Çok değil, bundan 6 yıl önce falan, kanım tabi daha hızlı akıyor.
Olup biten bazı şeyleri kabullenemiyoruz.
Birilerine göre o zamanın cahiliyiz ama okuyor, araştırıyor, analiz ediyoruz.
Türk Bayrağı’nın gönderden indirildiği günleri yaşıyoruz, gururumuza dokunuyor, sindiremiyoruz.
Bir şehit gelmiş Cumhuriyet Alanı’na, araya kocaman bariyerler koymuşlar, millet ile şehidin tabutunun arasında Çin Seddi var adeta.

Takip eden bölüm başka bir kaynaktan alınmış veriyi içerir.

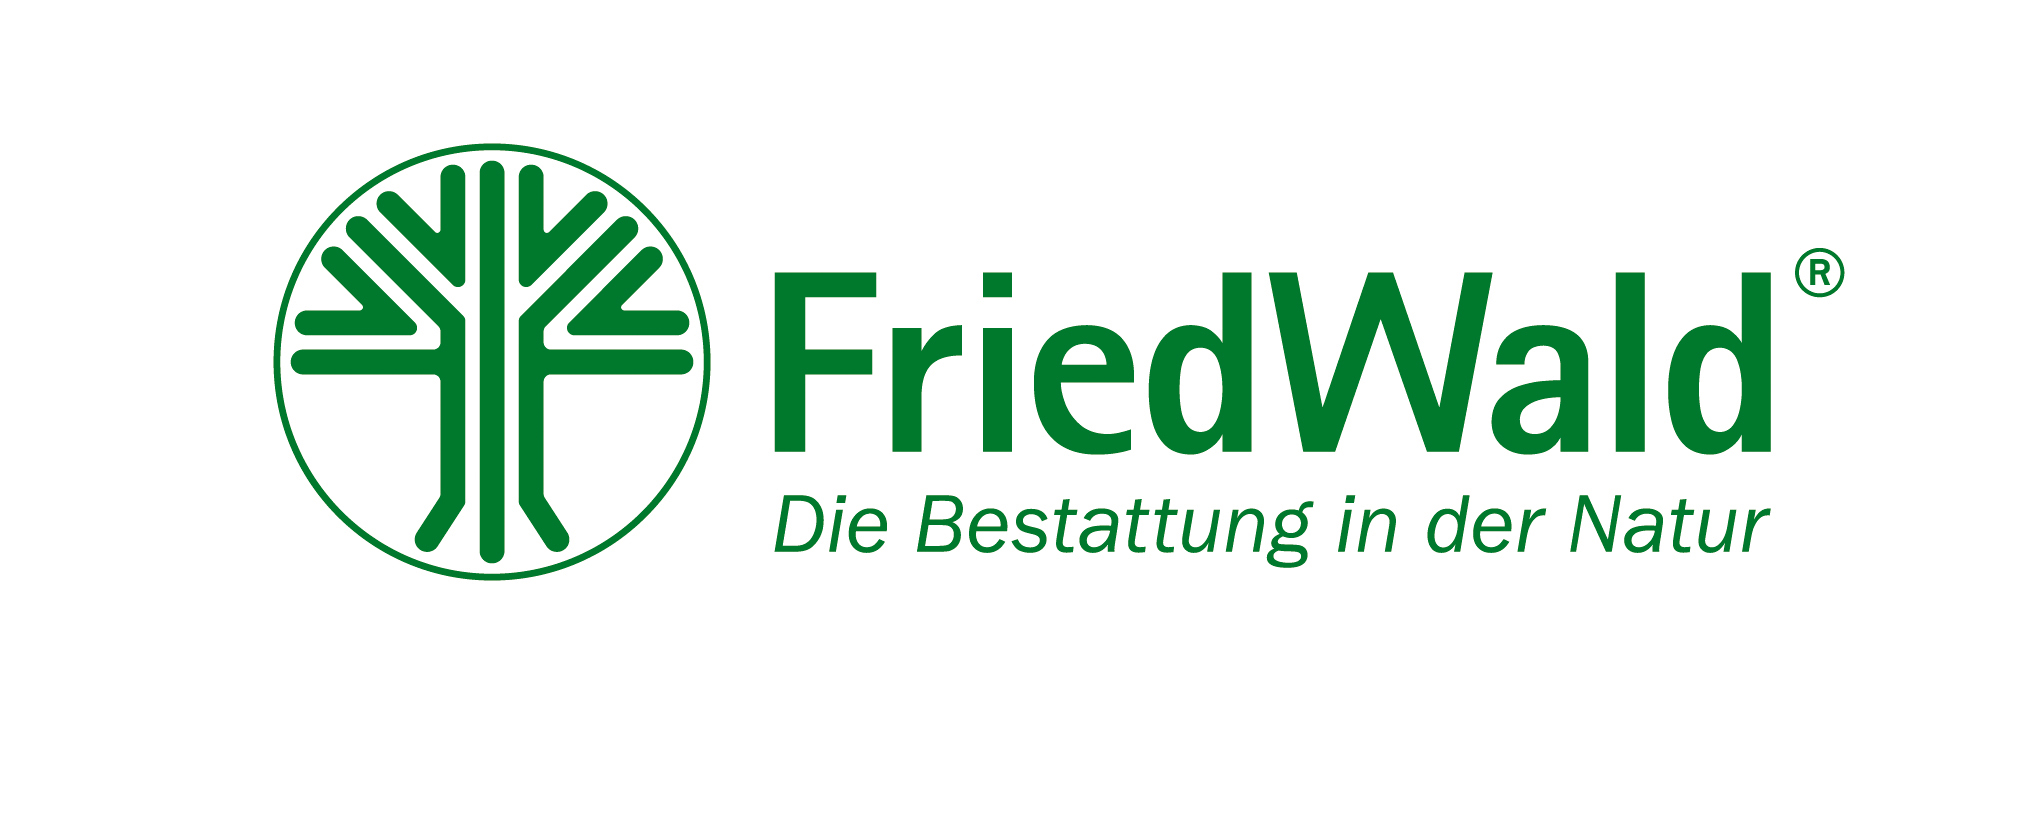 FriedWald_Logo_final_mit_Claim_RGB_7054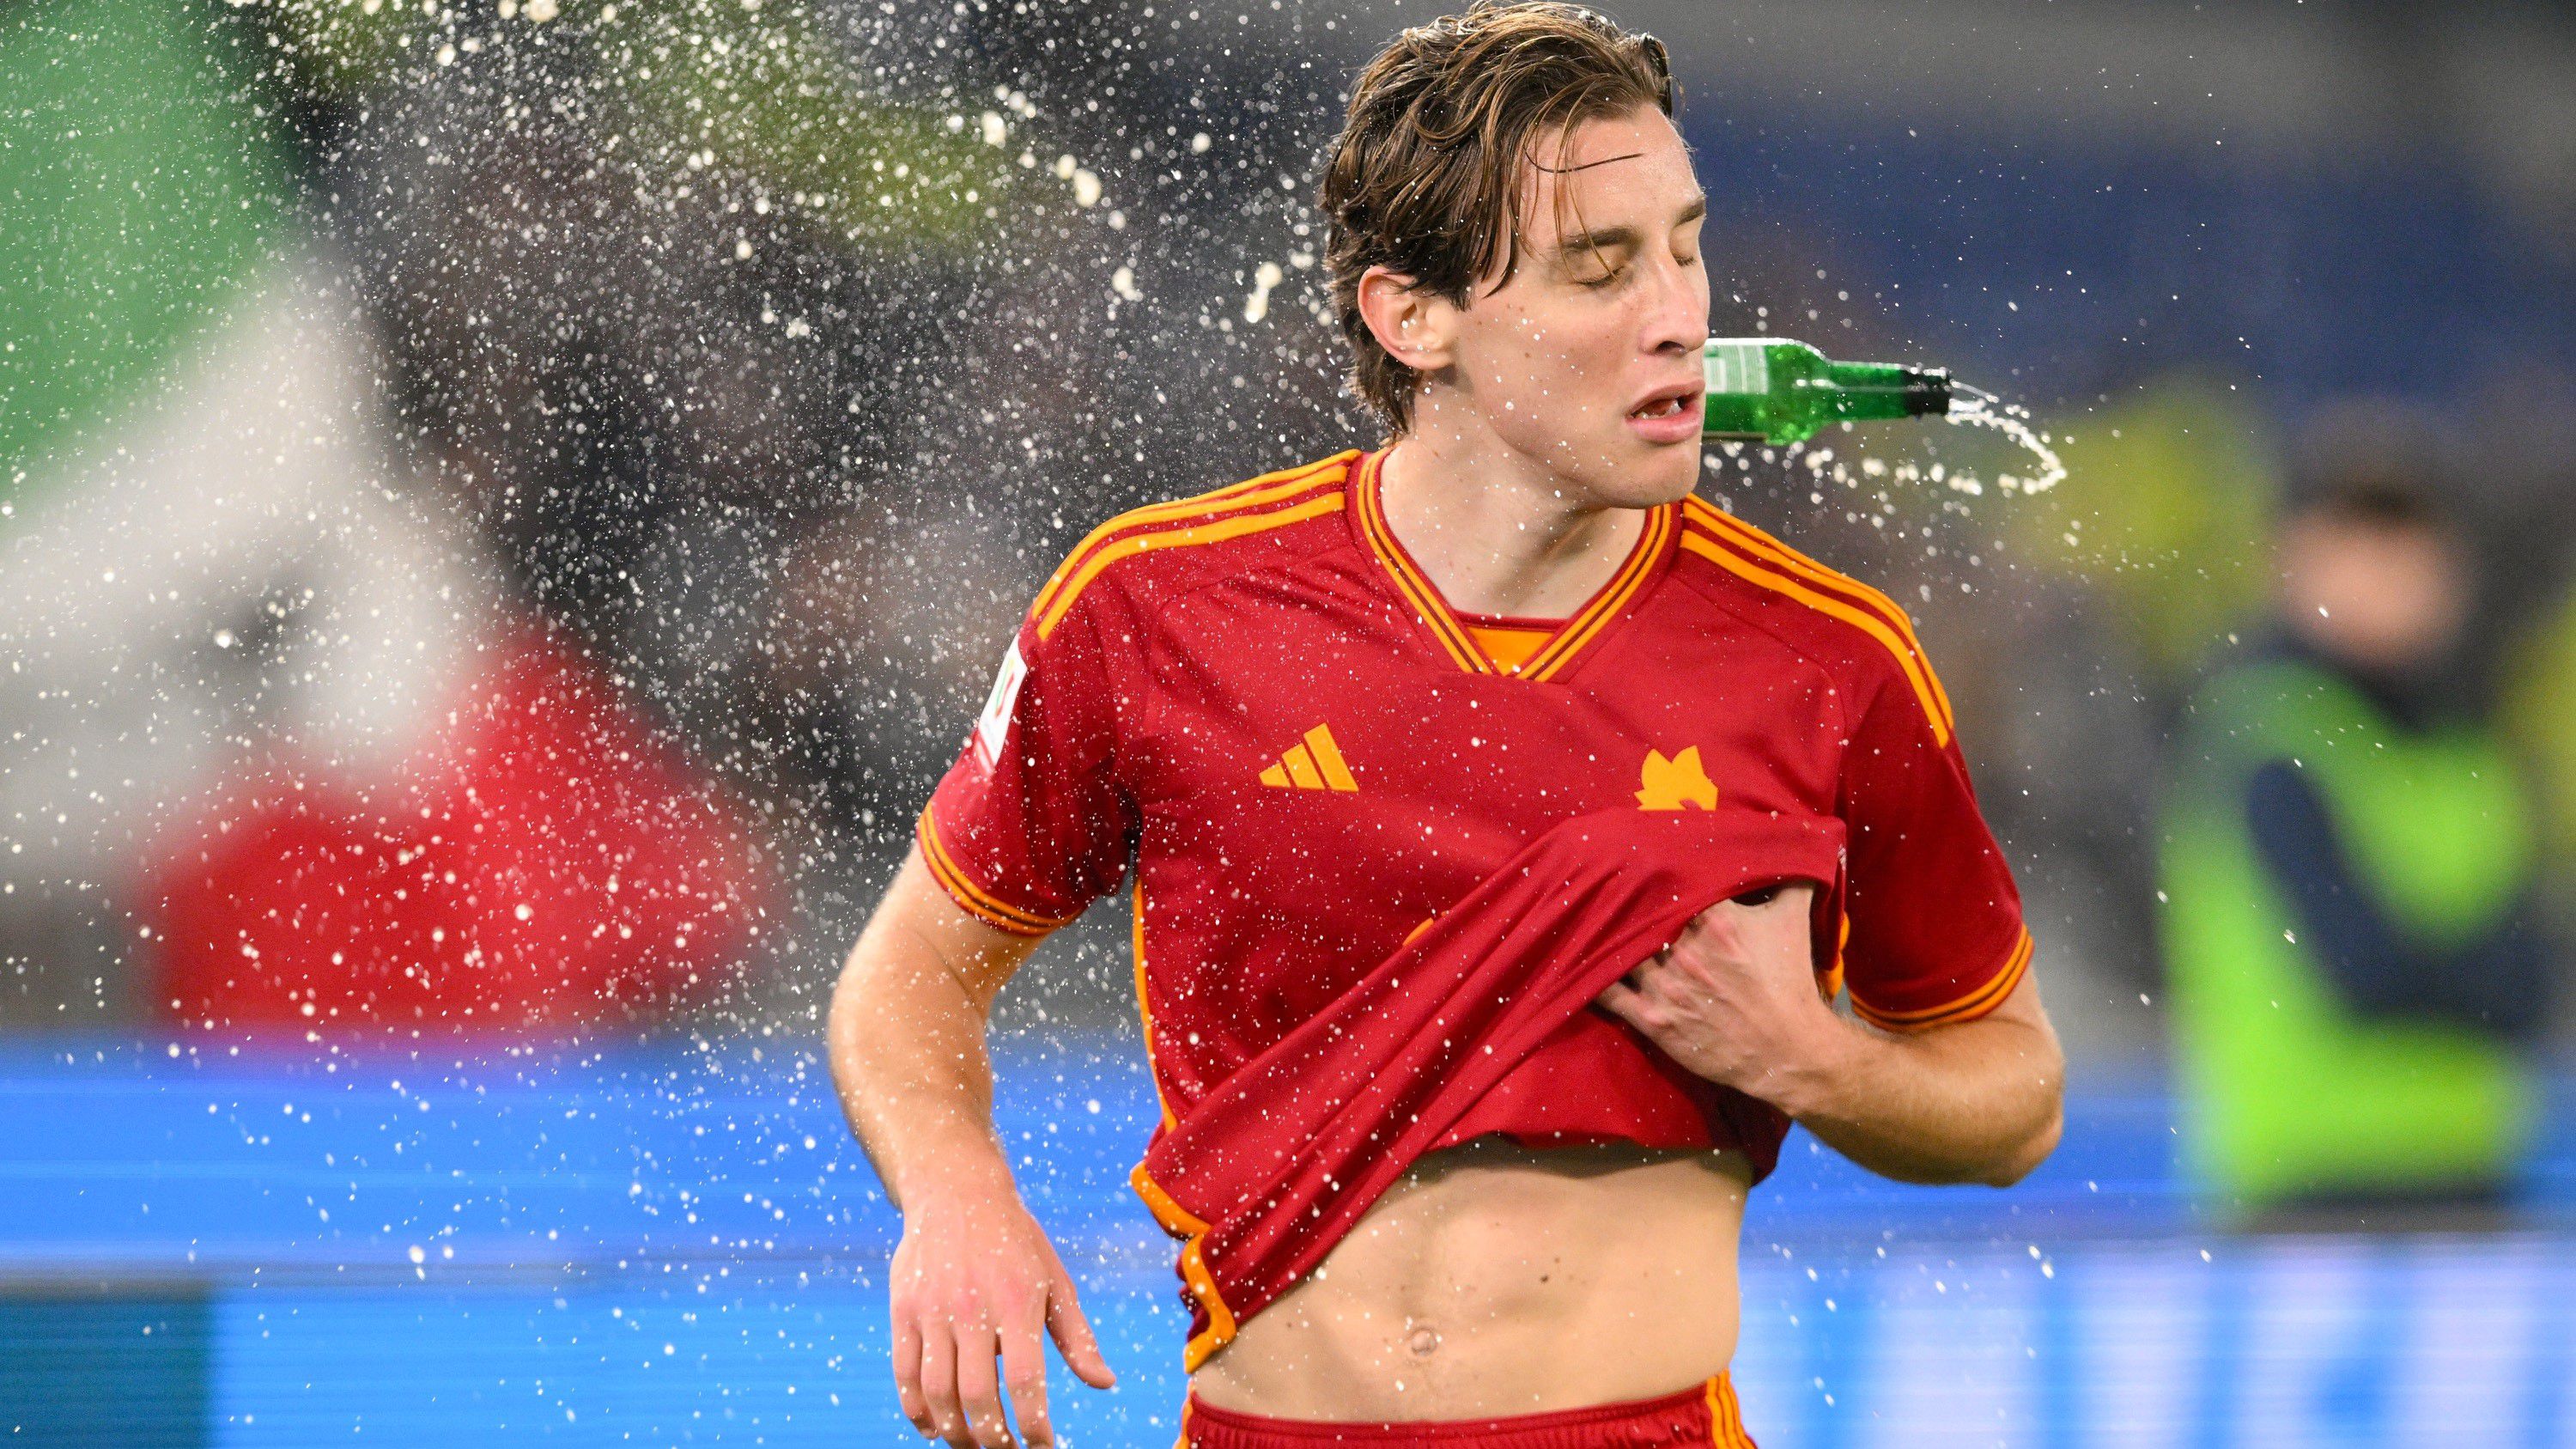 Edouardo Bove tarkóján pattant az üveg vagy műanyag tárgy, szerencsére a fiatal játékos nem sérült meg. (Fotó: Getty Images)

Kabul edemiyoruz bu durumu, öğrenciyiz birde.
Aklıma değişik bir boykot geliyor ve elimize kazma-kürek alarak Cumhuriyet Alanı’na yürüyoruz.
Ders kitaplarımızda bir fotoğraf vardı “Cumhuriyeti Biz Böyle Kurduk” pankartı taşıyan kazma-kürekli Anadolu köylüsünü gösteren, oradan esinleniyorum.
Dönemin FETÖ mensubu polislerle çetin bir pazarlık yaşanıyor ve öğrenci olduğumuz için, diğer arkadaşlar zarar görmesin diye, alana sadece pankartlarımız ve Türk bayrakları alınıyor.
Arkamızda ne bir teşkilat, ne bir siyasi parti…
İnanmış, kanı hızlı akan, Hüseyin Nihal Atsız romanları ve makaleleri okuyan kanı deli akan gençler…
***
Sonrasında Çamlık’ta bulunan otele akil vatandaşlar geliyor.
Yozgatlılara açılım sürecini anlatacaklar, olup bitenleri kabul etmemizi isteyecekler…
FETÖ polisleri yine sahnede, yani çamlığın girişinde.
Elimde yaklaşık 2 metre demir sapı olan Türk Bayrağı, en önde koşuyorum, barikatları yıkıyoruz ve polis ile burun buruna geliyoruz.
Devletin polisine karşı gelmek kitabımızda olmadığı için zarif cümlelerle hakkımızı aramaya, haklılığımızı anlatmaya çalışıyorum.
Gazeteci olduktan sonra, o günkü fotoğrafların birçoğuna erişme imkânım oldu.
Ama ne hikmetse o yıllarda kimse Yozgatlı vatandaşların bu haklı eylem ve isyanını kamuoyu ile paylaşamamıştı.
***
Bu kadar satır yazıyı ve geçmişi neden yazdım, nereden esinlendim tam bilmiyorum.
Bildiğim tek şey, o tarihlerde bu kepazelikleri ve FETÖ’yü savunan insanların, dün gün boyu Alparslan Türkeş fotoğrafları yayınlamalarıdır.
Ne kadar samimiyetsizdi yarabbi…
Kusmak istedim bir ara neredeyse…
Halbuki o tarihlerde açıkça söylemekten korkuyorlar ama yine de Başbuğ’a laf etmekten çekinmiyorlardı.
Türkçe Olimpiyatları’nın büyüsüne kapılıp, sihirli sözcüklerle anlata anlata bitiremeyen bir zat Türkeş’e ‘despot adam’ diye hitap ediyordu.
Siyasi ortama göre şekil alan bukalemunlar tarihte hep vardı, bundan sonra da hep olacaklar.
Erbakan popüler olduğunda onu rahmetle anacaklar.
Başbuğ popüler olduğunda onu rahmetle anacaklar.
Allah, her devrin adamı olmayı başaran, vatan ve millet gibi mukaddes kavramlardan bir haber, bencil, omurgasızların şerrinden herkesi korusun.
Konuştuğunda, elini kaldırdığında sadece Türkiye’de değil, tüm Türk Dünyası’nda yankı bulan, birçok imanlı ve ahlaklı ve milli inanca mensup genç yetiştiren Başbuğ Alparslan Türkeş’i de bu vesileyle, bir kez daha rahmet ile anıyorum.
Haydi selametle…
DUYDUK DUYMADIK DEMEYİN
*Seçim çalışmalarını hızlandıran TSO başkan adaylarını.
*Cami bahçesinden kesilen çam ağacını.
*27 oda başkanının desteğinin arkasına alan Latif Altın’ı.